DEV Community: Boussaden Taha

RAG - Complete Practical Guide

Boussaden Taha — Sat, 16 May 2026 11:08:49 +0000

Introduction

Retrieval Augmented Generation, is one of the biggest pillars in todays AI field. Mainly used by big companies for better internal gestion and retrieval of documents.
In this article I will be explaing some RAG concepts with code snippets for a better grasp, and also be talking about some common problems I faced when implementing my own RAG, and presenting some solutions all along.

What is RAG?

RAG (Retrieval Augmented Generation) is a system design pattern that combines:

Information retrieval (finding relevant knowledge)
Large Language Models (LLMs) (generating responses)

Instead of relying only on what the model had learned during training, a RAG system retrieves external knowledge and injects it into the prompt.

Traditional LLM

Question
   ↓
Model Memory (Training Data)
   ↓
Answer

Problem:

knowledge can be outdated
hallucinations happen
cannot access private company data

RAG based LLM

Question
   ↓
Retrieve Relevant Knowledge
   ↓
Add Context to Prompt
   ↓
LLM Generates Grounded Answer

This makes answers:

more accurate
grounded in documents
customizable
domain-specific

Why RAG?

LLMs are powerful but limited.

Common problems:

1. Hallucinations

The model invents facts.

Example:

Question:
Who founded Company X?

Answer:
John Smith.

Even if John Smith never existed.

2. Knowledge Cutoff

Models only know what they were trained on.

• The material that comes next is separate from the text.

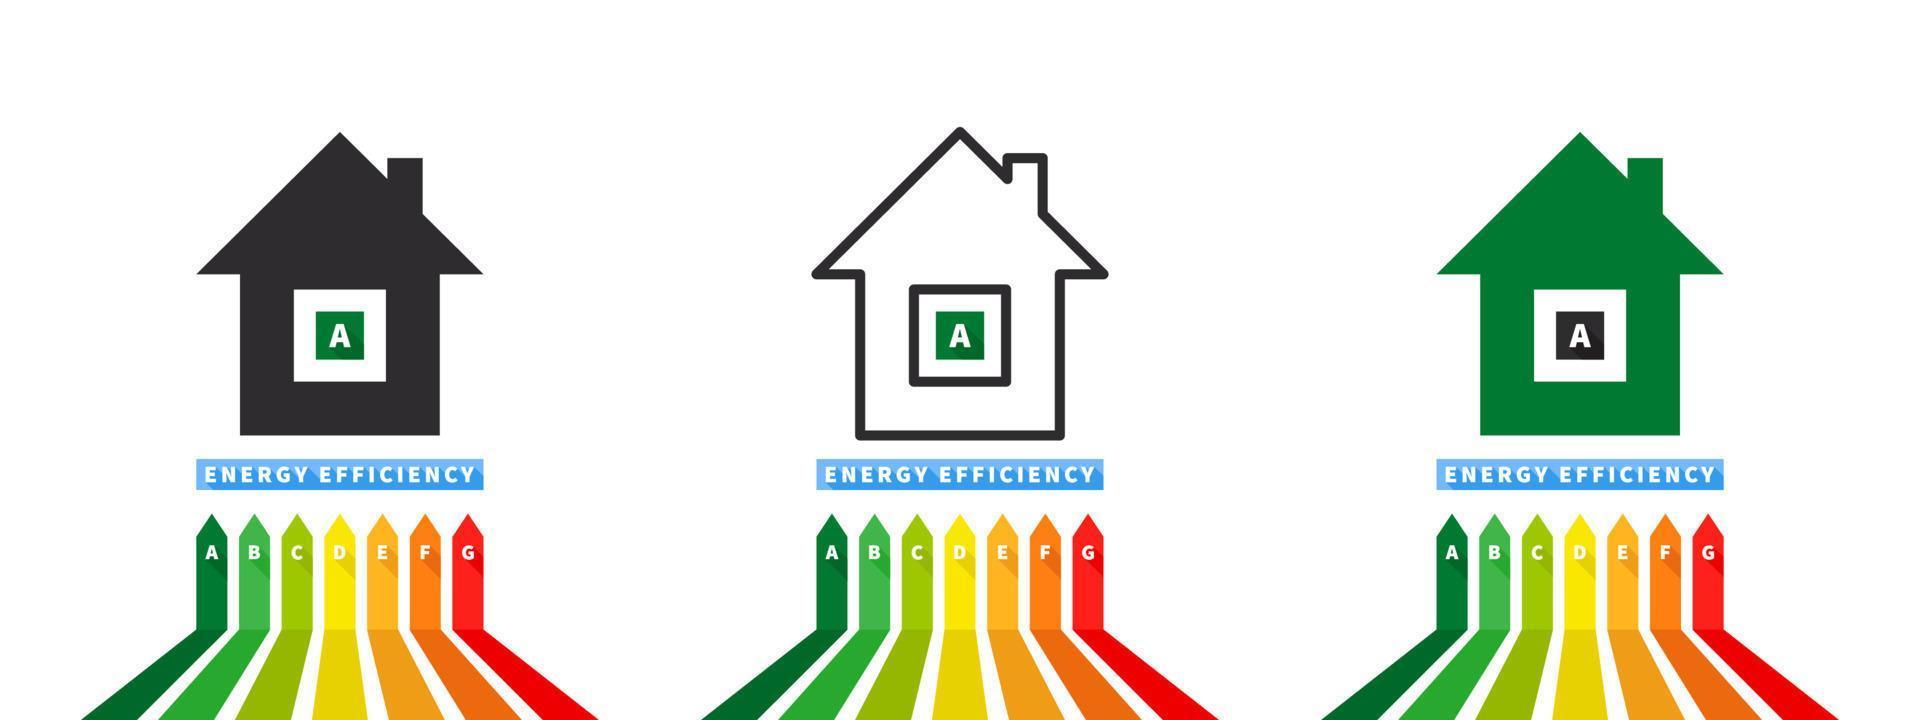 Casa energia efficienza scala. energia efficienza e valutazione grafico. vettore illustrazione

They do not automatically know:

your PDFs
internal documentation
GitHub repositories
recent updates

3. Private Data

Businesses need AI over:

internal docs
policies
tickets
codebases

RAG solves this.

Core Architecture

A RAG system usually contains:

Documents
Chunking system
Embedding model
Vector database
Retriever
Prompt constructor
LLM

Architecture:

Documents
   ↓
Chunking
   ↓
Embeddings
   ↓
Vector Database

User Question
   ↓
Question Embedding
   ↓
Similarity Search
   ↓
Relevant Chunks
   ↓
Prompt Construction
   ↓
LLM
   ↓
Answer

How RAG Works Step by Step

1. Documents

The system starts with raw documents.

Examples:

TXT files
PDFs
Markdown files
HTML pages
GitHub repos

Example text:

RAG systems use vector databases to retrieve
relevant information for LLMs.

2. Chunking

Documents are split into smaller sections.

Why?

Embedding entire books is ineffective.

Instead:

Large Document
   ↓
Small Chunks

Example:

Chunk 1 → Intro
Chunk 2 → Embeddings
Chunk 3 → Pinecone

3. Embeddings

Every chunk becomes a vector.

Example:

"RAG systems use retrieval"

becomes:

[0.12, -0.77, 0.48, ...]

4. Store in Vector Database

Vectors are stored in:

Pinecone
Weaviate
Qdrant
Chroma
FAISS

5. User Question

Example:

What are embeddings?

Question becomes a vector too.

6. Similarity Search

The vector database finds:

Most similar chunks

based on mathematical similarity.

7. Prompt Construction

Retrieved chunks are injected into prompt.

Example:

Context:
Embeddings are vector representations.

Question:
What are embeddings?

8. LLM Generation

The LLM generates an answer using retrieved context.

Key Concepts and Definitions

1. Embedding

A numerical semantic representation of text.

Example:

"Machine learning"
↓
[0.12, -0.34, ...]

Purpose:

semantic understanding
similarity search

2. Vector

An ordered list of numbers.

Example:

[0.12, -0.55, 0.91]

3. Dimension

The number of values inside a vector.

Example:

768-dimensional vector

means:

768 numbers

Why it matters:

Your vector DB dimension must match embedding dimension.

Example:

nomic-embed-text → 768
Pinecone index → must be 768

4. Semantic Search

Search by meaning.

Not exact keywords.

Example:

Question:

How does memory work?

Can retrieve:

Agents retain context using memory systems.

5. Similarity Score

Measures closeness between vectors.

Higher score:

More relevant

Top-K

How many results to retrieve.

Example:

top_k=5

Means:

Return best 5 chunks

6. Metadata

Extra information attached to vectors.

Example:

{
  "text": "Embeddings are vectors",
  "source": "notes.txt",
  "topic": "rag"
}

Embeddings Explained

Embeddings convert text into mathematical meaning.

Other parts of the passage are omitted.